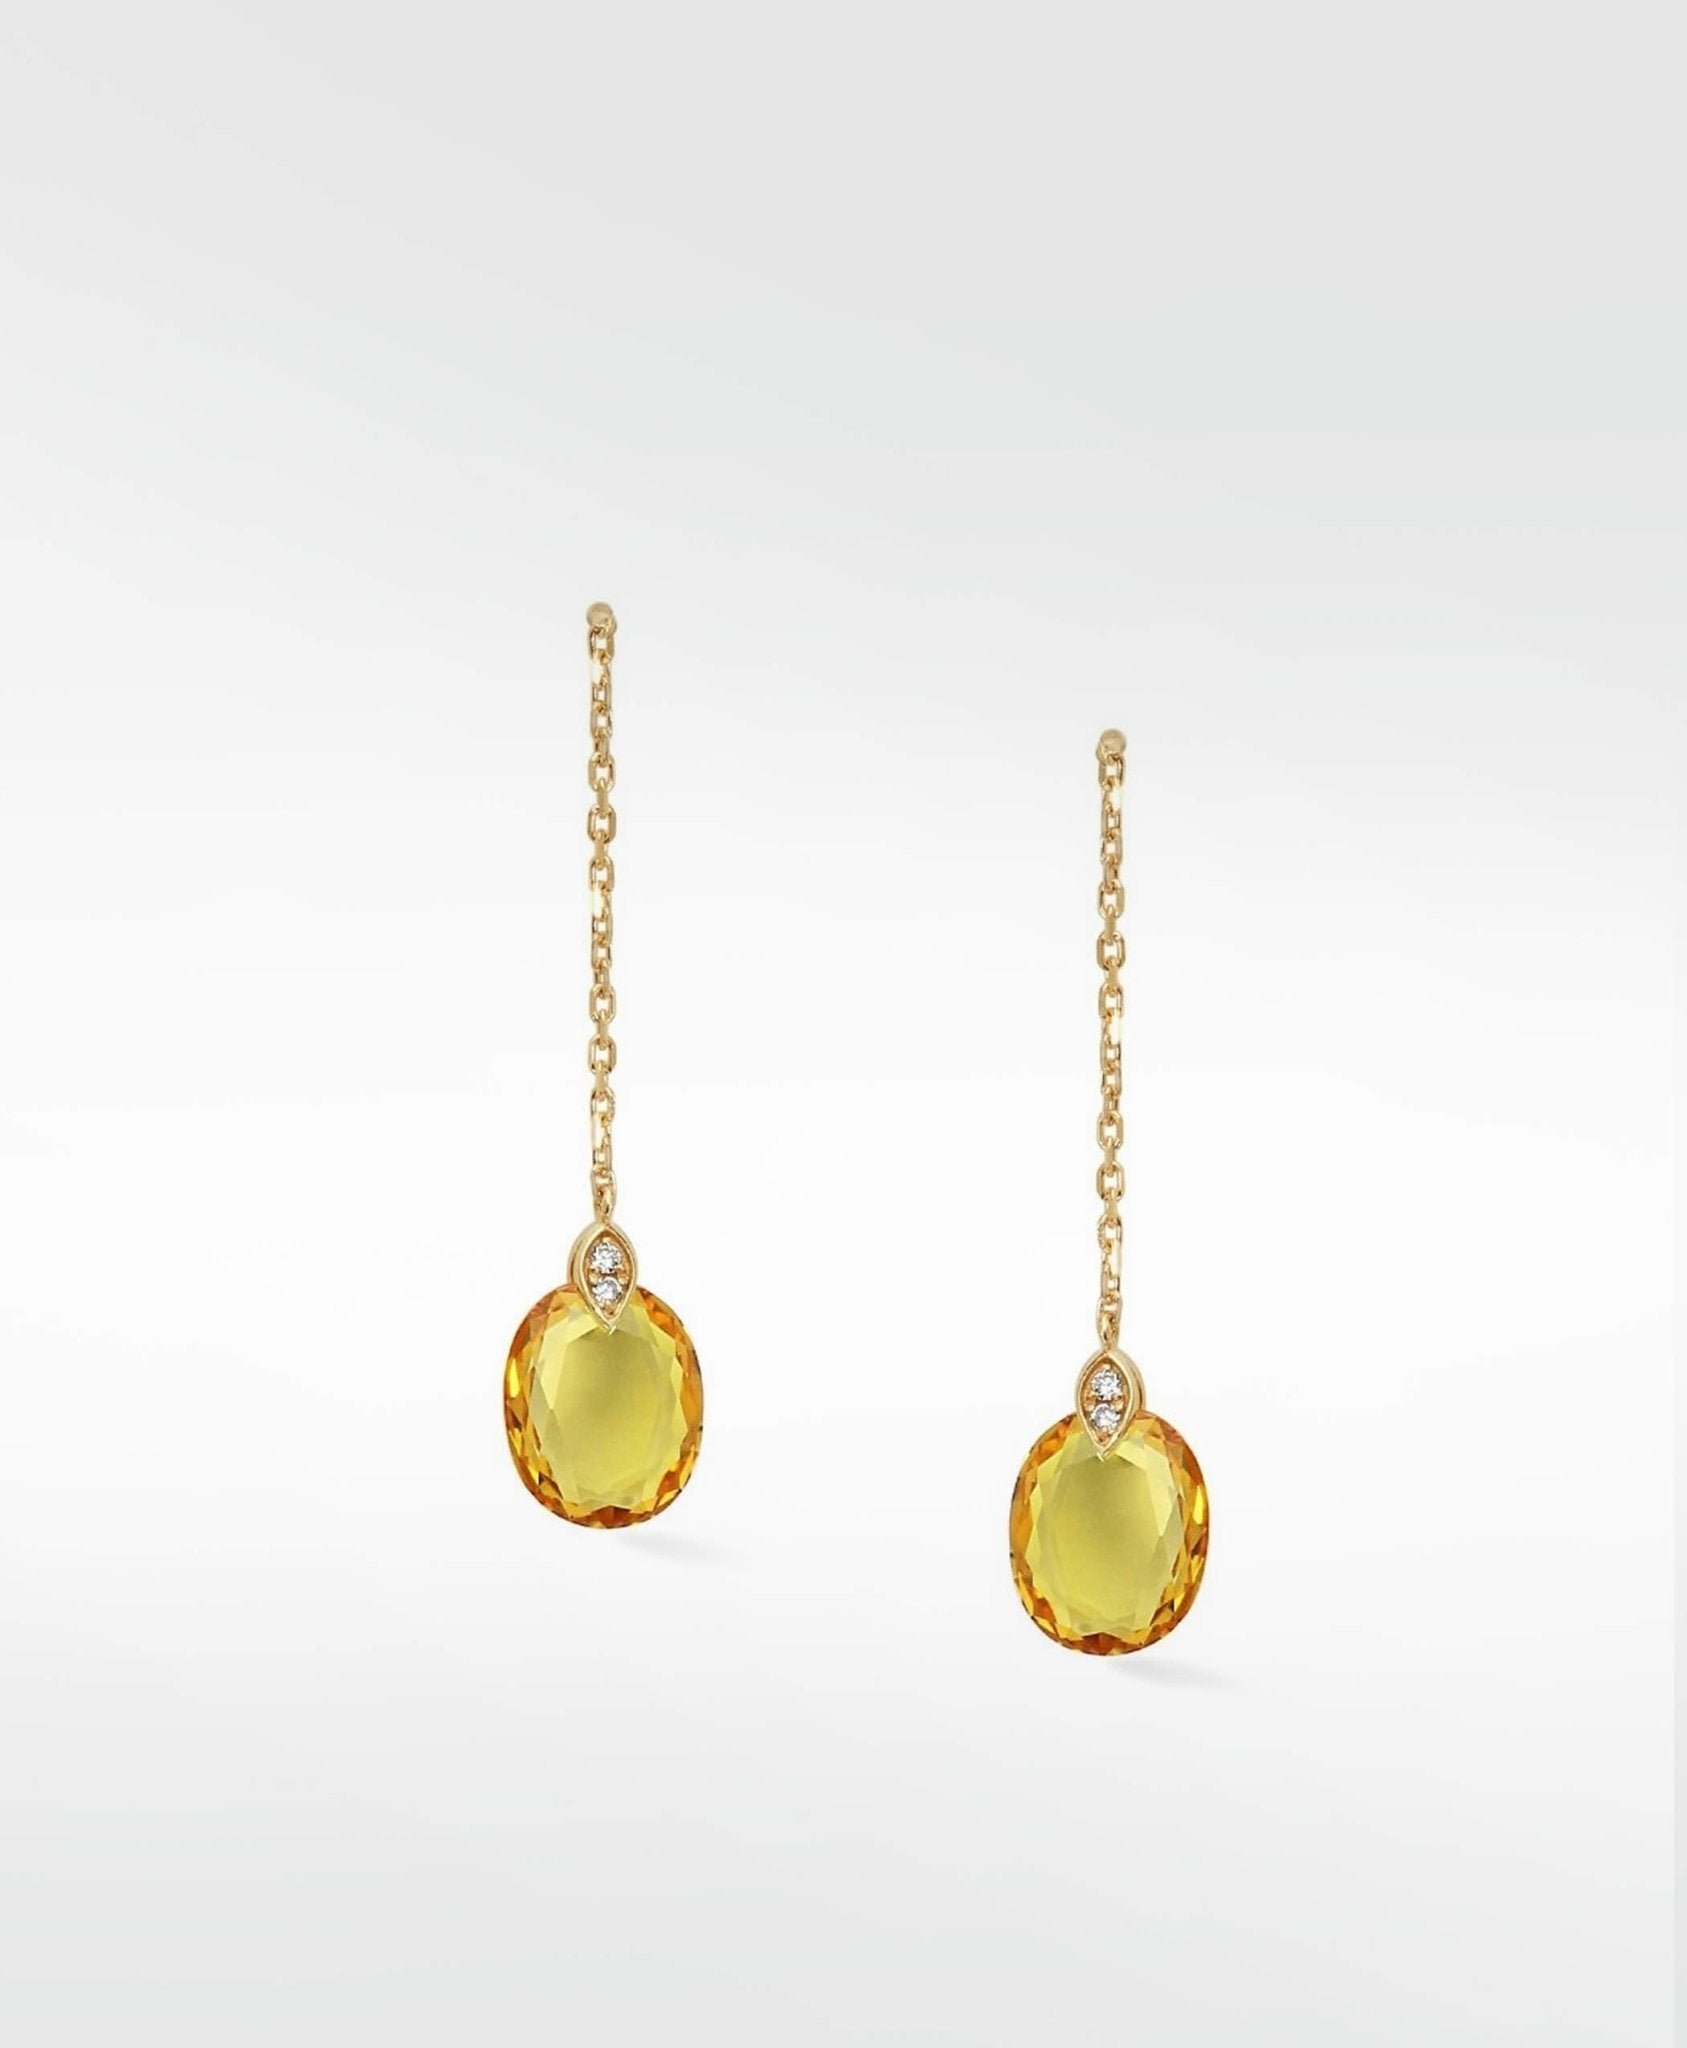 Alicia Burnt Orange Sapphire Drop Earrings in 14K Gold - Lark and Berry
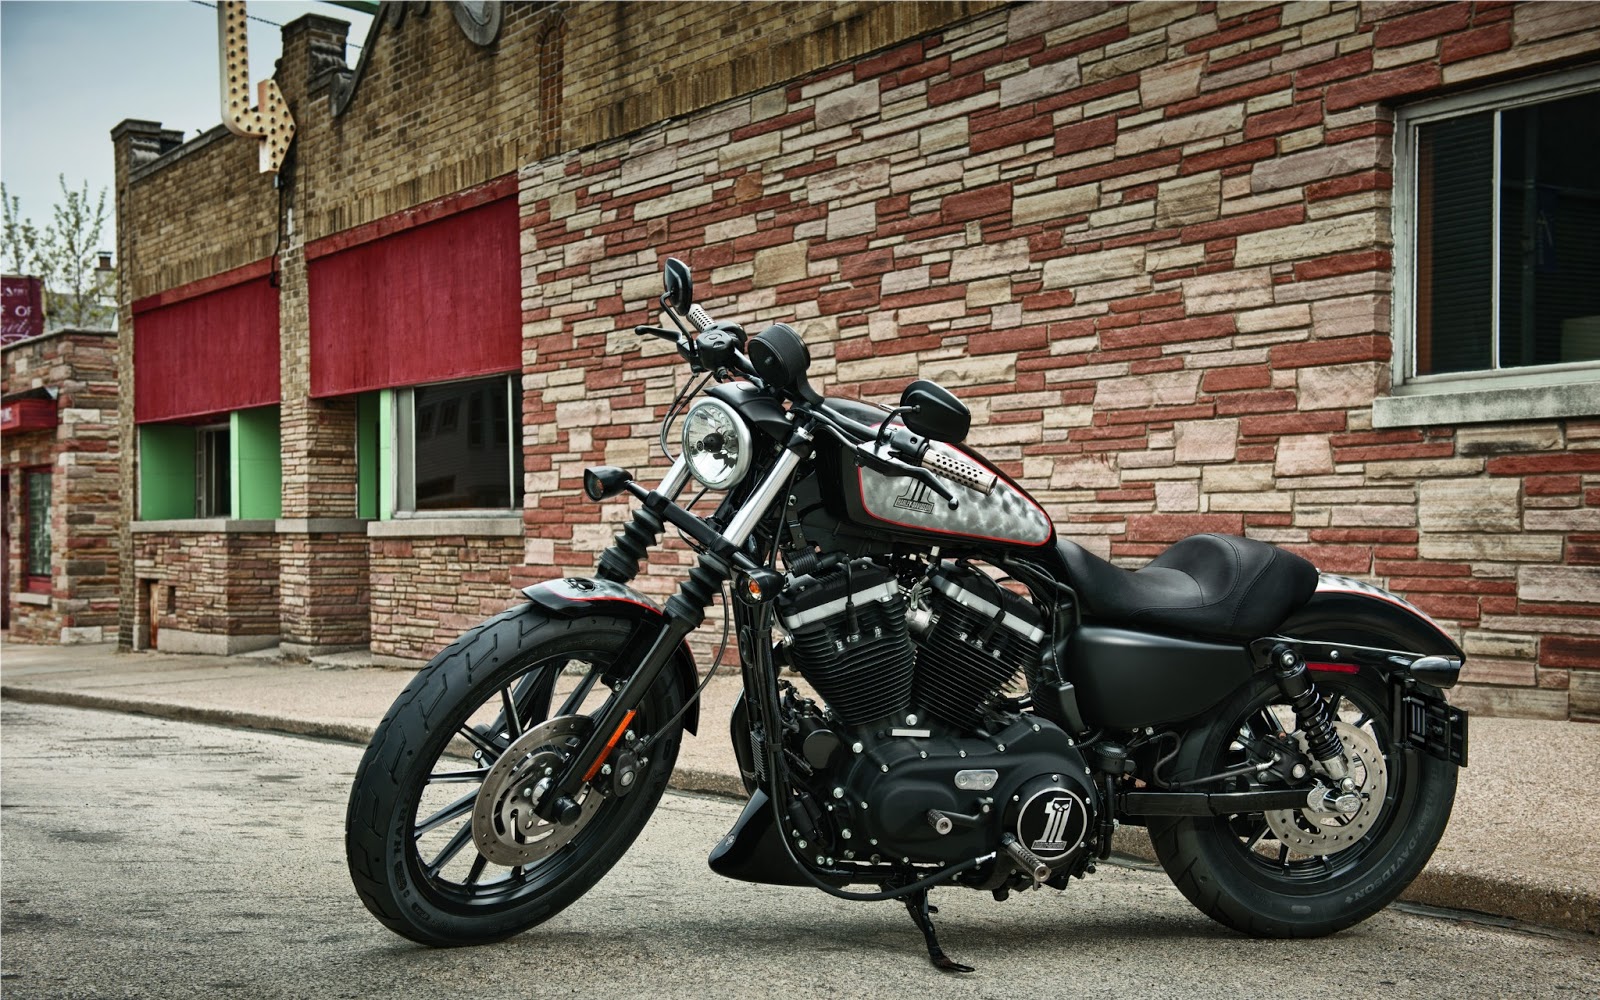 2012 Harley Davidson Xl883n Iron 883 1600x1000 Wallpaper Teahub Io
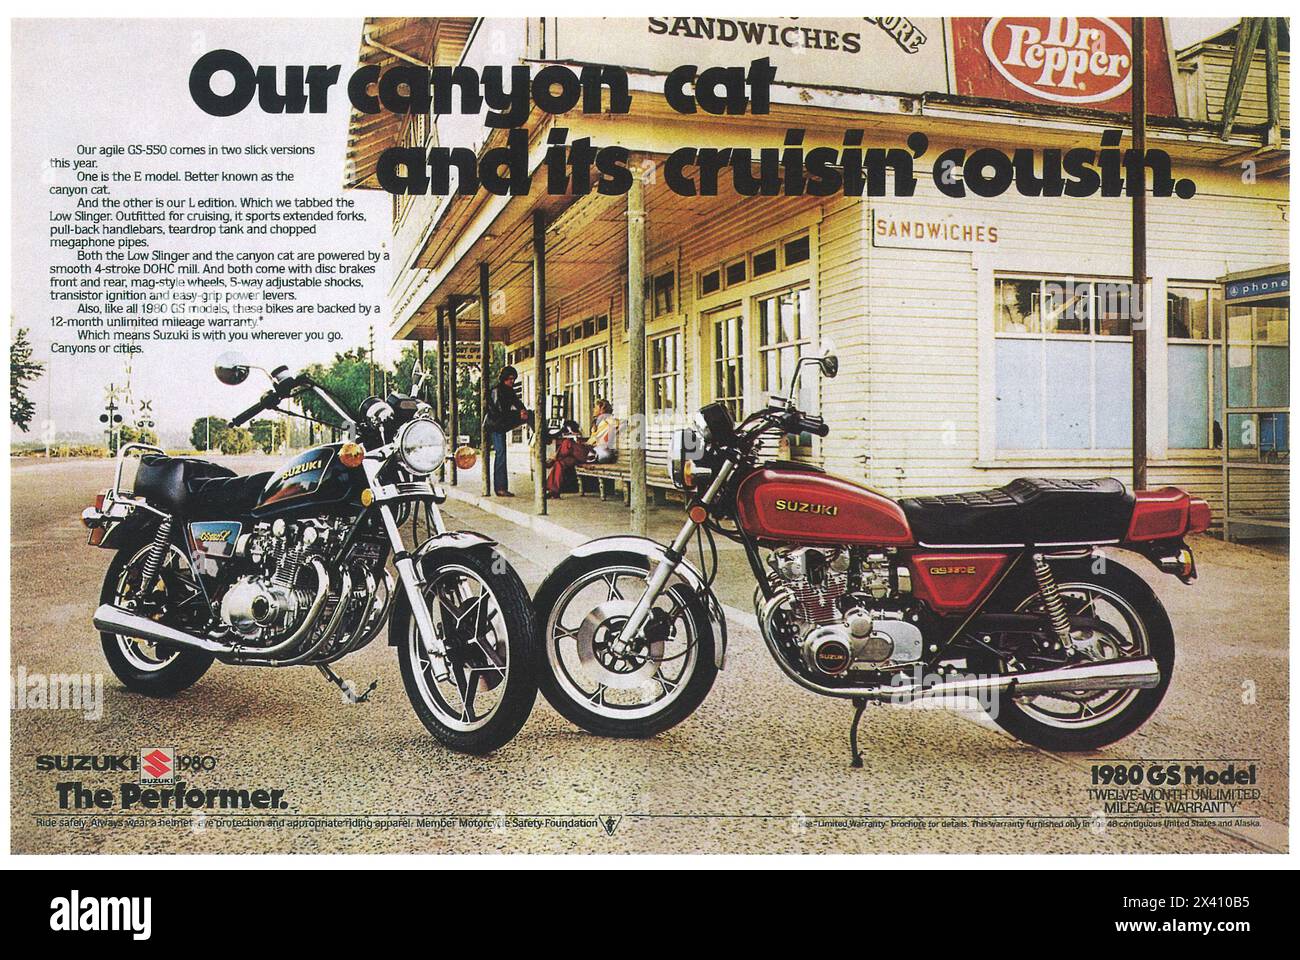 1980 Suzuki Motorcycles GS550 Ad -  Canyon Cat & Low Slinger Cruisin’ Cousin Stock Photo

Problem statement —
The data above should be returned in full, exactly as written, apart from its images.

Your solution —
 Alicia Burnt Orange Sapphire Drop Earrings in 14K Gold - Lark and Berry
 2012 Harley Davidson Xl883n Iron 883 1600x1000 Wallpaper Teahub Io
 1980 Suzuki Motorcycles GS550 Ad -  Canyon Cat & Low Slinger Cruisin’ Cousin Stock Photo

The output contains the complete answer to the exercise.